PATI – Ribuan orang yang tergabung dalam Front Nelayan Bersatu (FNB) menggelar aksi unjuk rasa di depan Gedung Dewan Perwakilan Rakyat Daerah (DPRD) Kabupaten Pati, Jumat (13/1/2023).
Mereka berdemonstrasi dengan agenda utama menyuarakan penolakan terhadap penerapan Penerimaan Negara Bukan Pajak (PNBP) Pascaproduksi 10 persen.
Mereka membentangkan poster dan spanduk protes yang antara lain bertuliskan “PNBP 10 persen, Nelayan Modar”, “PNBP 10 % No, 3 % Yes”, dan “KKP Pemeras Nelayan”.
“Dulu kami dikenakan (pungutan) praproduksi, tapi mulai Januari 2023 ini berlaku pascaproduksi. Dipatok untuk kapal 60 GT (Gross Tonnage) ke atas sebesar 10 persen. Itu sangat berat sekali jika dijalankan saat ini. Nelayan bergejolak karena semua alat tangkap terdampak,” ungkap koordinator aksi, Hadi Sutrisno.
Dalam surat pemberitahuan aksi, FNB meminta agar Pemerintah tidak memberlakukan dahulu dan merevisi Peraturan Pemerintah nomor 85 tahun 2021 terkait Paska Produksi agar tidak lebih dari 5 persen.
Selain menyoal ketentuan terbaru mengenai PNBP, nelayan juga menyuarakan sejumlah tuntutan lain.
“Kami meminta agar pemerintah tidak membuat kebijakan baru yang memberatkan para nelayan. Kapal nelayan saat ini produktivitasnya menurun. Hanya beberapa kapal yang bisa menutup biaya perbekalan. Apabila diterapkan sistem pascaproduksi dengan indeks 10 persen, membuat kami tidak lagi mampu beroperasi,” ungkap Hadi.

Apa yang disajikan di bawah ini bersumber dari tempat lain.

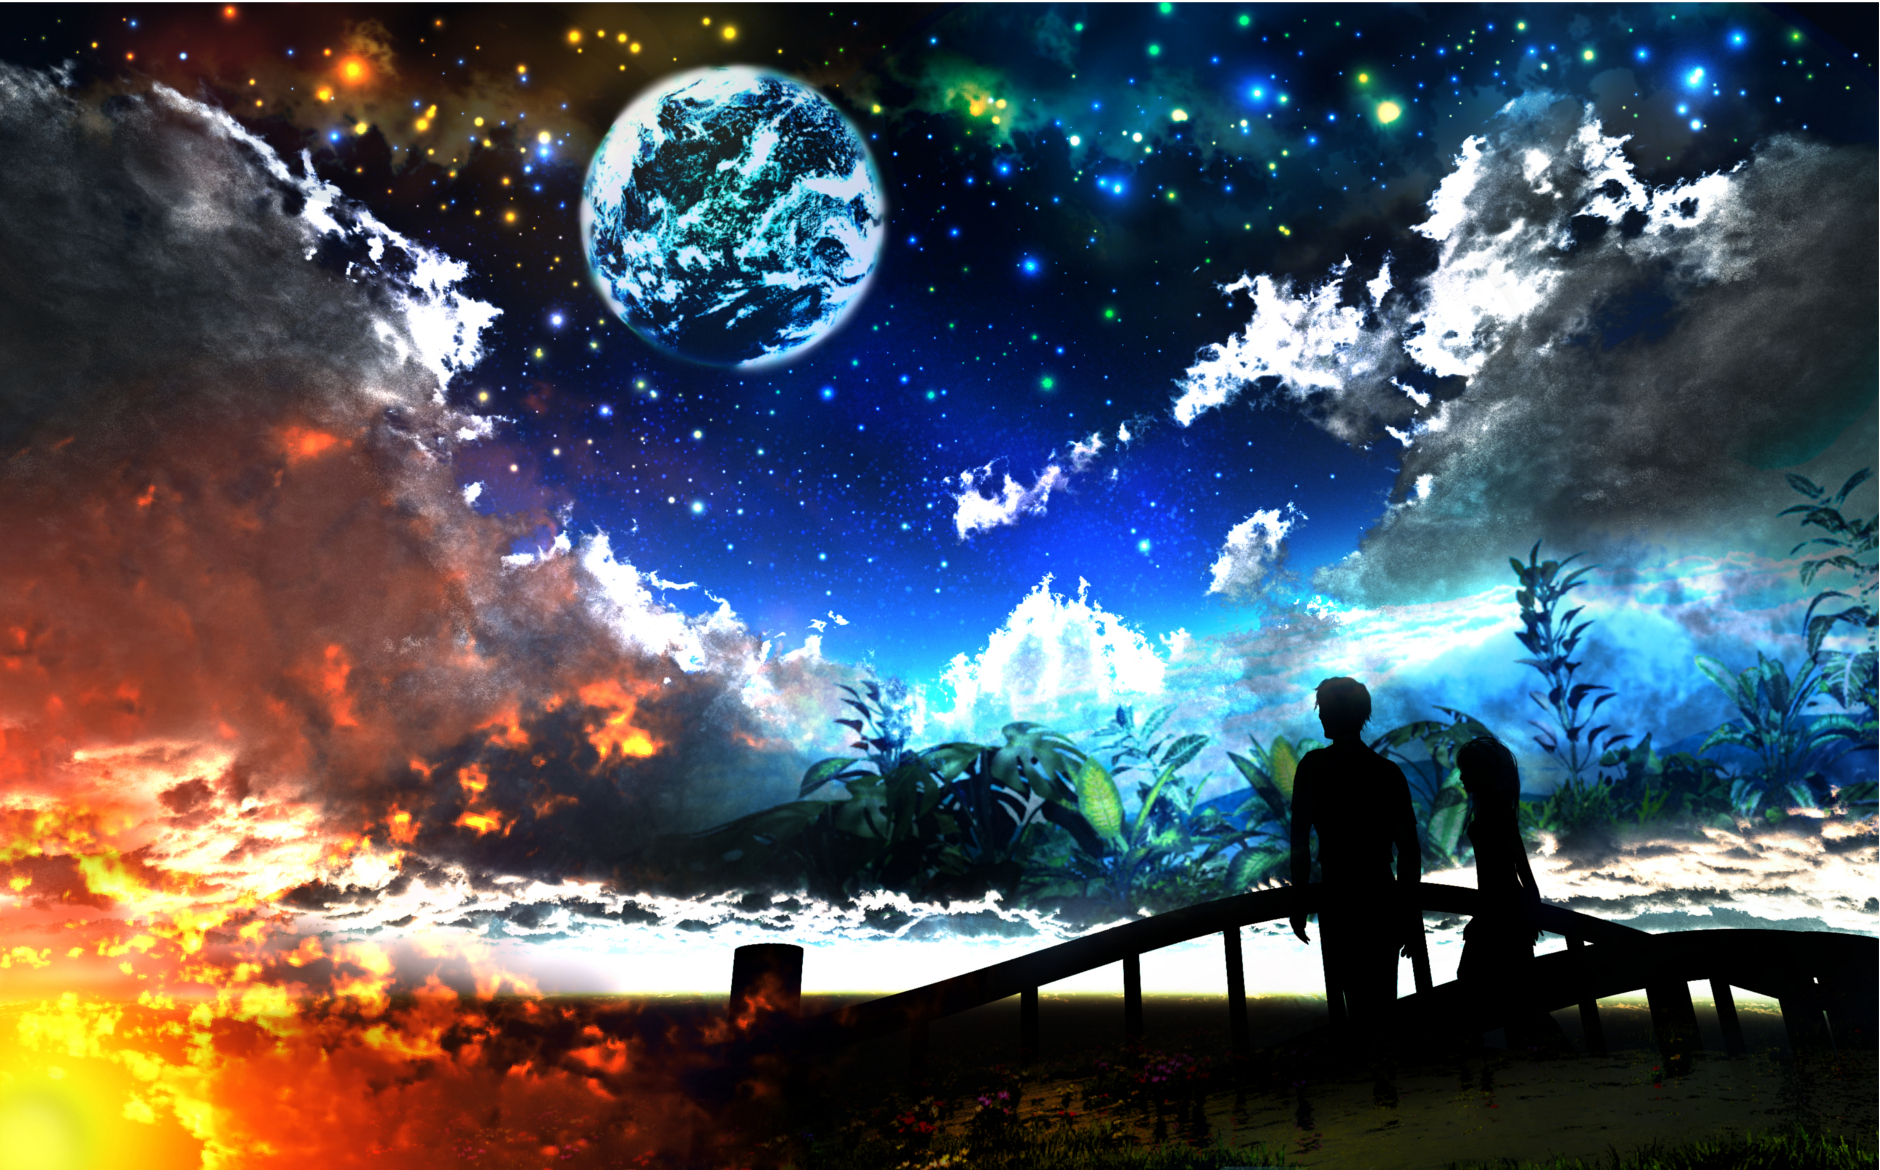 Скачать обои бесплатно Аниме, Небо, Огонь, Звезды, Ночь, Облака, 3D, Мост, Планета, Фантастика, Графика, Оригинал картинка на рабочий стол ПК

Dia menuturkan, pihaknya menunggu kebijakan adaptif dari Kementerian Kelautan dan Perikanan (KKP) untuk memberi keringanan pada pelaku usaha perikanan tangkap.
Hadi menuturkan, nelayan juga meminta tambahan WPP (Wilayah Pengelolaan Perikanan) 713 dengan alasan wilayah tersebut sudah lama mejadi Daerah Tangkapan nelayan Pantura secara turun-temurun.

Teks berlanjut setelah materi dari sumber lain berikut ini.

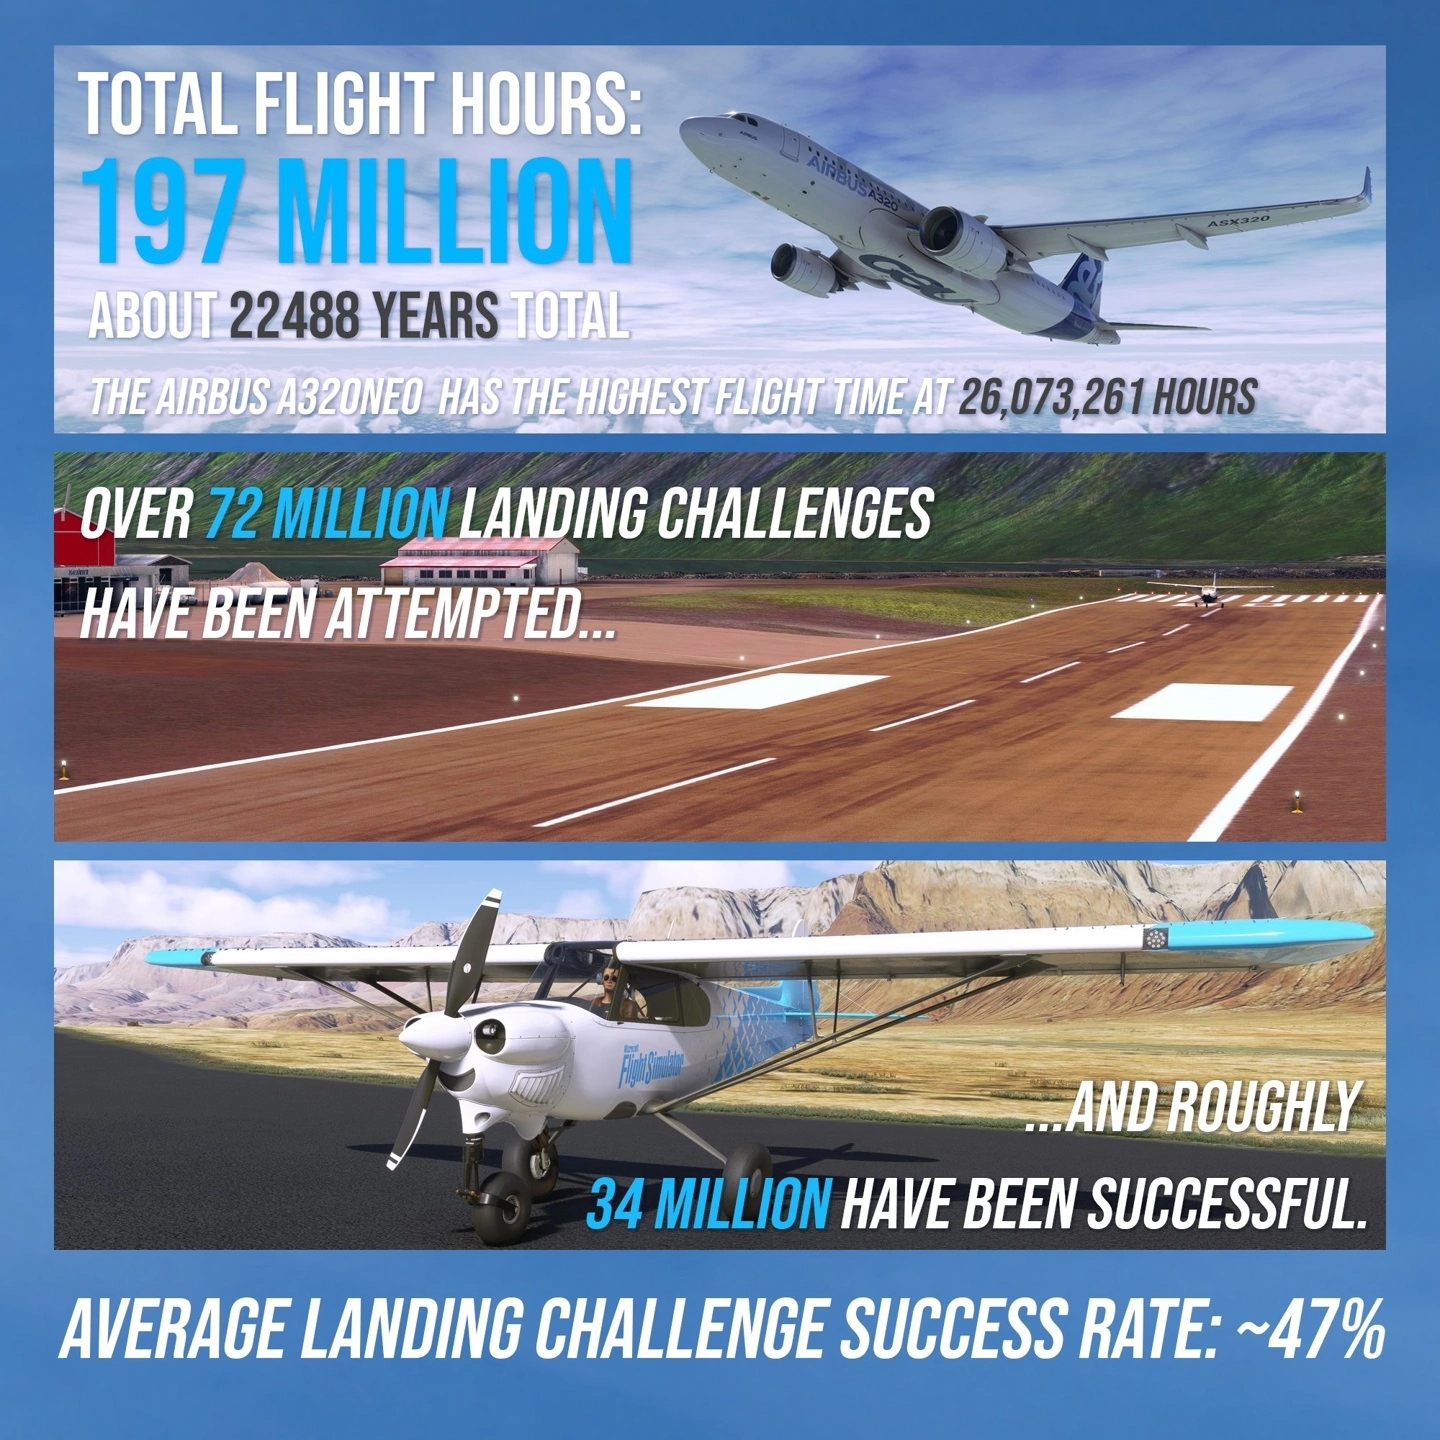 《微軟飛行模擬》3周年官方曬數據  Cessna 152最火

“Kami meminta agar pelaku usaha perikanan tangkap tetap diberikan dua WPP yang berdampingan sesuai dengan PP Nomor 5 Tahun 2021 Tentang Penyelenggaraan Perijinan Berusaha. Di situ tertera bahwa untuk Daerah Penangkapan Ikan diberikan satu atau dua WPP NRI yang berdampingan,” ujar dia.
Hadi menambahkan, dengan kondisi runyam saat ini, kapal dengan sistem bagi hasil saat ini tidak mampu memberi upah layak terhadap Anak Buah Kapal (ABK). Namun, nelayan tetap berupaya melaut karena tidak ada alternatif lain untuk mencari nafkah.

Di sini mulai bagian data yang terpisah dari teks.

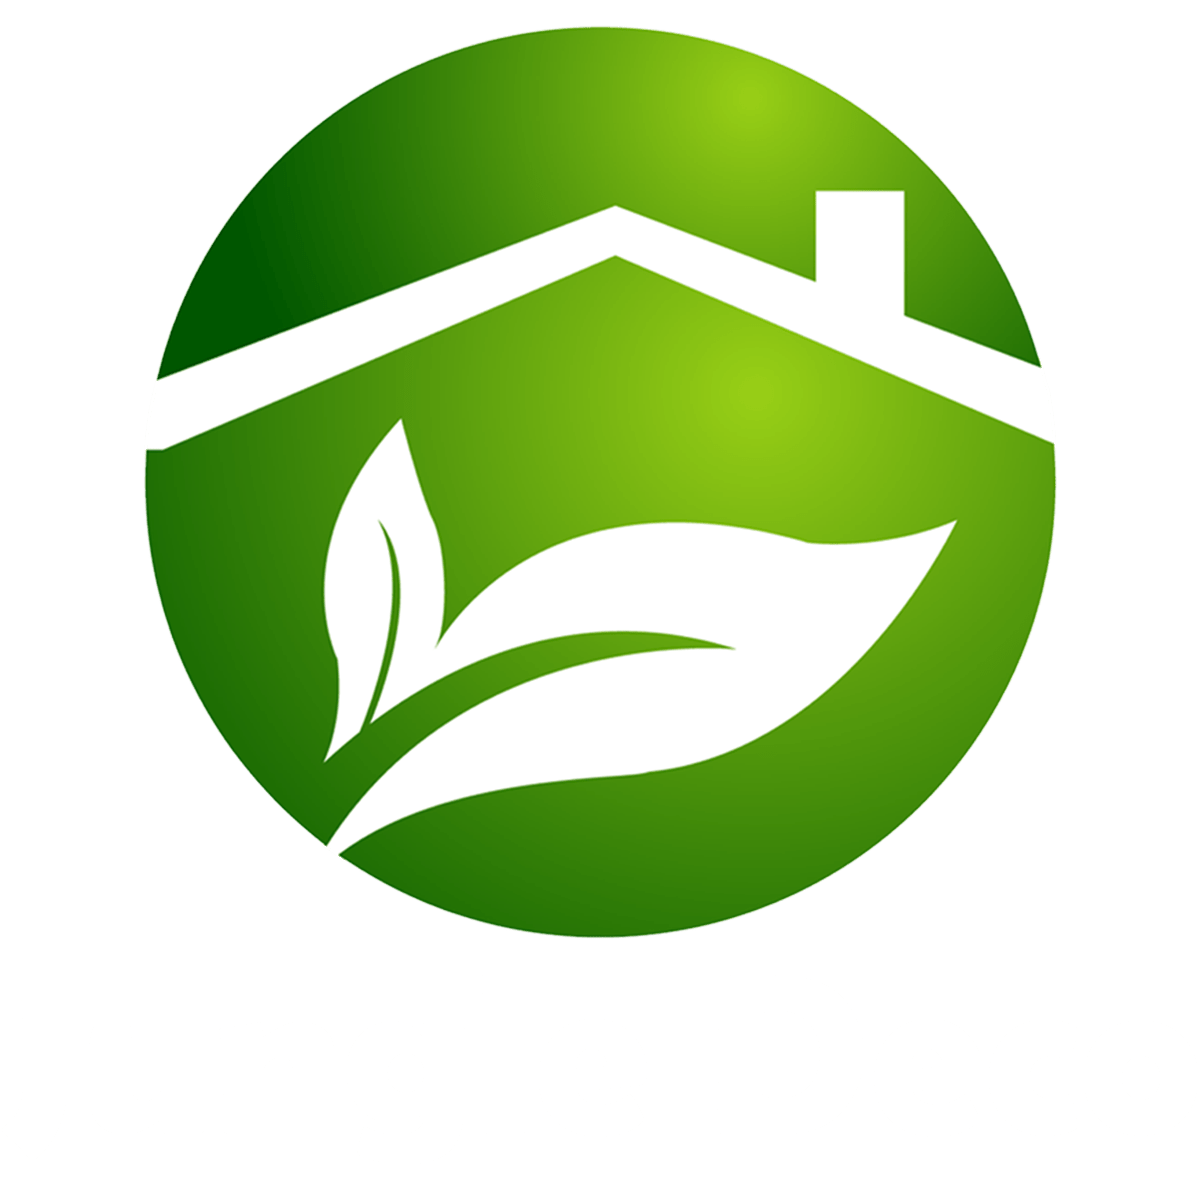 Jungle Deco

Saat menemui para demonstran, Ketua DPRD Pati Ali Badrudin berjanji setelah ini akan langsung bersurat dengan pemerintah pusat untuk meneruskan aspirasi para nelayan Pati.
“Terus semangat berjuang, jangan tanggung-tanggung. Berjuang terus sampai berhasil, yang penting tetap jaga kondusivitas,” ungkap Ali di hadapan para pendemo.
Di hadapan pendemo, Penjabat (Pj) Bupati Pati Henggar Budi Anggoro mengatakan, pada 6 Januari lalu pihaknya juga sudah berdiskusi dengan para nelayan. Kemudian keesokan harinya ia langsung membuat surat dukungan
“Saya sudah buat presiden pada Presiden, saya tembuskan pada Menteri Kelautan, Sekretaris Kabinet, dan Gubernur Jawa Tengah. Semua sudah saya tembusi. Itulah yang kita suarakan. Usulan saya adalah agar PP itu (PP 85 tahun 2021) ditunda dulu pemberlakuannya sebelum ada revisi,” tandas dia sambil menunjukkan surat yang ia maksud.
Sebelum membubarkan diri, massa demonstrasi menitipkan bantuan logistik untuk para korban banjir kepada Pj Bupati Pati.